MIT researchers have developed a new robot, dubbed RF Grasp, that can sense hidden objects using radio waves, reports Brian Heater for TechCrunch. “The tech allows RF Grasp to pick up things that are covered up or otherwise out of its line of vision,” writes Heater.

Forbes

Forbes contributor Jack Kelly spotlights Ginger, an MIT startup that has created “a smartphone-based technology app helps identify patterns of anxiety, stress and depression.”

The Boston Globe

Through his art and information-based work, Prof. Ekene Ijeoma “finds the humanity in data points,” writes Cate McQuaid for The Boston Globe. Ijeoma hopes his work - including “A Counting,” a sonic poem featuring recordings of people from around the world counting to 100, and the virtual Black Mobility and Safety Seminar hosted by his research team - bridges “the gap between facts and feelings. It gets to ‘what are the things being felt when experiencing this?’”

New York Times

Prof. Ekene Ijeoma has been collecting video recordings of people counting to 100 in different languages and dialects for the past year as part of his project “A Counting,” and is now soliciting videos of people counting to 100 in sign language, writes Sophie Haigney for The New York Times.

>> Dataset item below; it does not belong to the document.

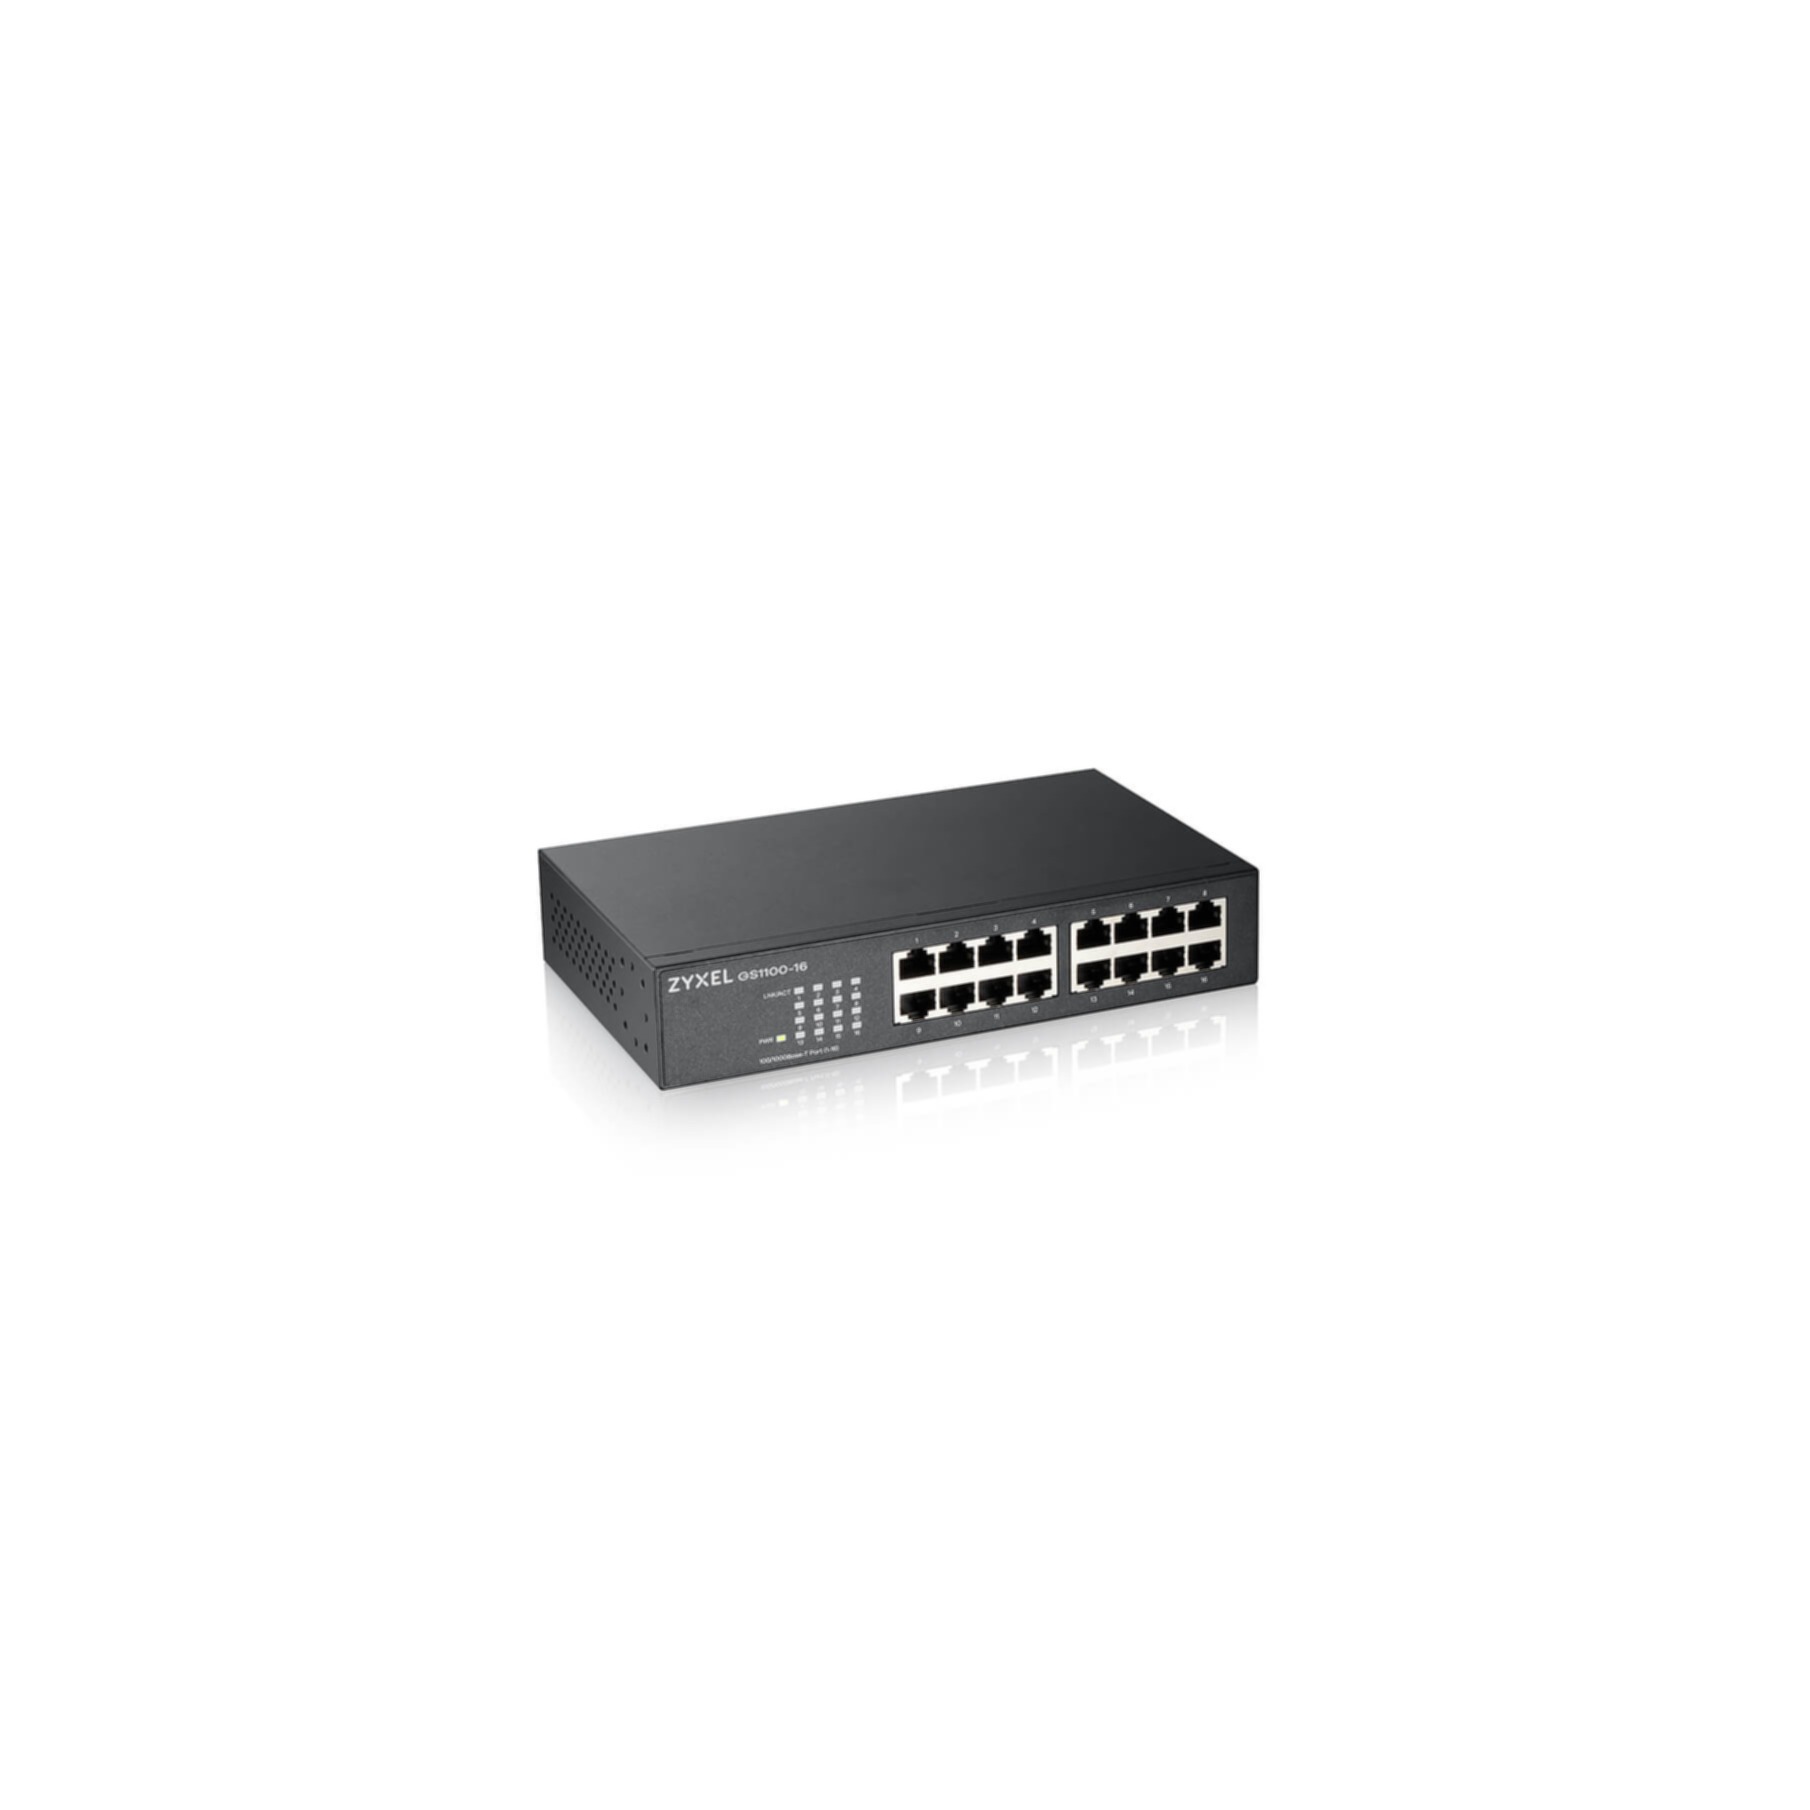 Netzwerk-Switch »GS1100-16«

Ijeoma explains that he hopes the artwork will constantly evolve “into a more whole representation of society.”

Marketplace

Graduate student Joy Buolamwini speaks with Molly Wood of Marketplace about her work uncovering bias in AI systems and her calls for greater oversight of facial recognition systems. “We need the laws, we need the regulations, we need an external pressure, and that’s when companies respond,” says Buolamwini. “But the change will not come from within alone because the incentives are not aligned.”